My DD could draw and recognise circles, squares, diamonds, stars and rectangles earlier than 23 months. She also recognised numbers and colours "early".
She has excellent vocab as well.
We have never thought that she is G&T - I thought it was really difficult to know until they were older as children can average out.
I just see my DD as great fun and enjoying what she tells me
If they're "brighter than average" they sass you earlier
pre school children have brains that develop at different rates. That is why some walk early, others talk early, etc etc. every child is different and obviously your childs brain has developed quickly in this specific area. I believe that every child has fantastic potential and it is very difficult to judge at such a young age. The brain is very complex and develops in different areas at different speeds. My 17 month old can talk brilliantly,every body comments at how well he chats and understands everythingyou say,but was a slow walker. My other son is 4 and excells physically. he can play football with amazing skill and can out run other kids easily. he has no interest. in sitting and drawing even though he is perfectly capable. children excell in what they enjoy and find easy. so it is fantastic that she can do this with ease. keep the learning fun and don't take the G & T thing too serious as it only measures one type of learning style. It doesn't measure learning but achievement which is a disadvantage for some children.
ds1 was talking fluently in sentences well before 2 - he shocked the GP one day when he was about 22 months by telling her it was a very gloomy day outside (and it was )
he was very obviously different to other babies from a very early age - hyper-alert, very little sleep, smiling early, peals of laughter at 3 months, absolutely fascinating to be with but exhausting
he had his IQ tested at 5 (long story but there was a valid reason for it - part of a multi-disciplinary assessment process) and was found to be in the top 0.2% of the population
however, and this is a big however, he's now 11 and though he is obviously exceptionally bright he doesn't apply himself to any of his work really - he's so used to being able to 'get' things instantly that the moment he has to try he just turns off so I suspect that his younger brother (no idea what his IQ is, suspect quite a bit less than ds1 but probably still pretty high) will do much better academically than ds1
ds1 also has tourette's and asperger's which seem to be intimately bound up with the 'giftedness' so as far as I'm concerned the whole thing is very much a double-edged sword
sorry, have rambled there
Mimsum - v similar story here, too: before two, we had "intermittent rain", and DS lecturing mums at a coffee morning about things being at the "wrong angle". Now 6, he's just gone off the scale in the CAT tests that his school does instead of SATS. He seems to be the same in music.
I already worry about how he'll respond when he comes across something that might involve him having to try at something that doesn't come naturally.
Sounds fab - but the down-sides of this kind of thing are massive, though.

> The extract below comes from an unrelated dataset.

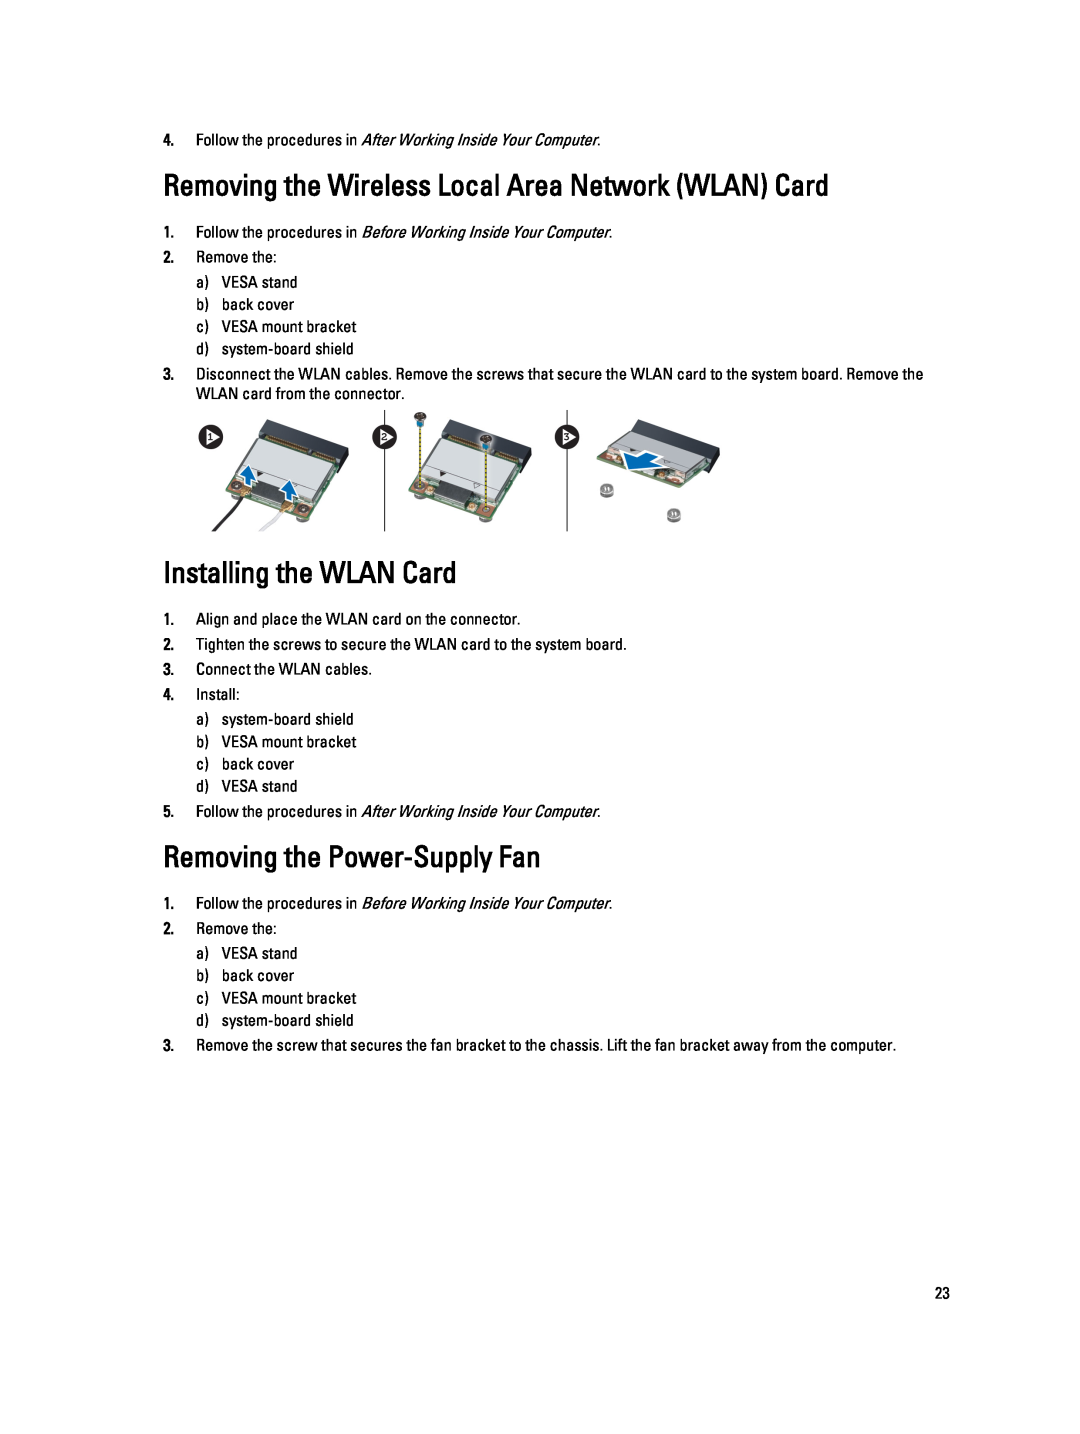 Dell 9010 Removing the Wireless Local Area Network WLAN Card, Installing the WLAN Card, Removing the Power-Supply Fan 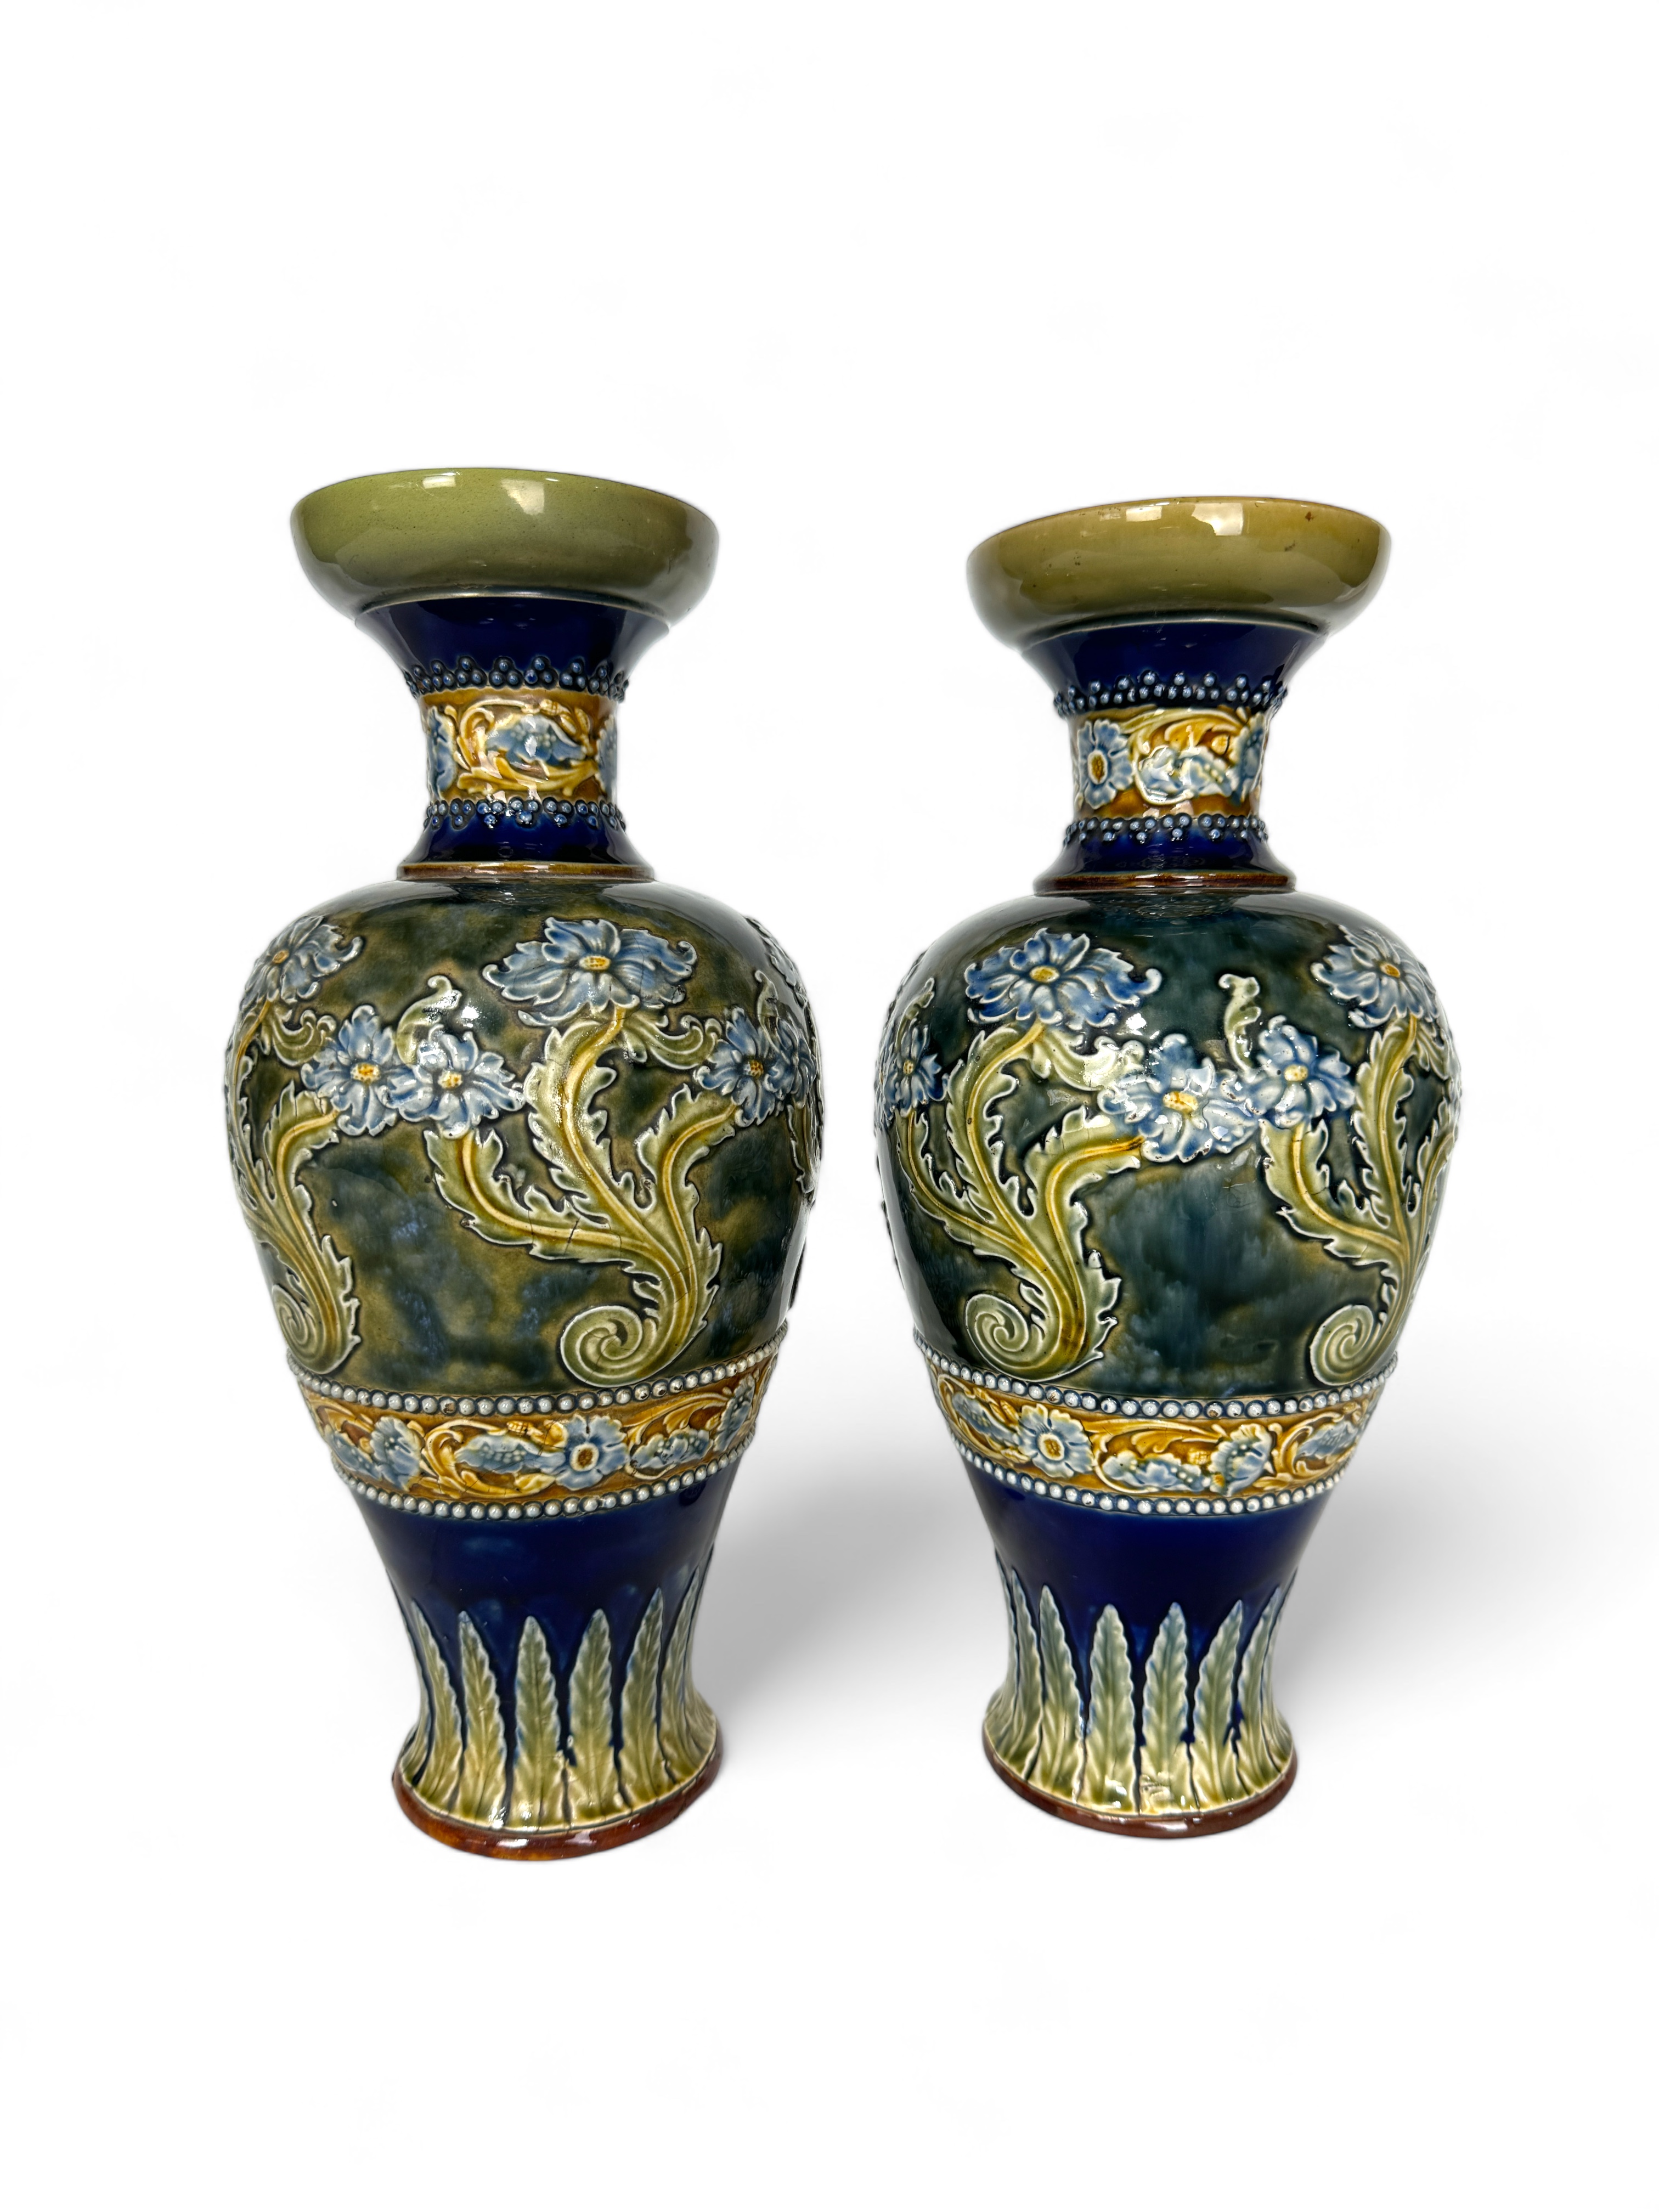 A pair of Royal Doulton Art Nouveau baluster vases, circa 1900

Overall, I find my DD (bright, but not unusually so) far easier to deal with. Now I am rambling, too!
Short version, flipflops: if your DD really does have a gift, it won't go anywhere. Knowing whether or not it's early for her to be doing these things won't help either of you at this stage, so I should just enjoy what she's producing, and respond to her requests/needs without analysing them too much!
Au contraire, LynetteScavo, my dd (just 3) isn't advanced at anything at all.
I'm very impressed by these tales of bright-as-buttons nippers. Mine still can't draw a circle, a square, or a face. And yes, I went to art school!
She is of course the best kid in the world. Just in slightly indefinable ways...
Everyone tells me how bright my 22month is. He can say a few words and draw scribbles on walls. He also claps the choir at church and shouts 'more'.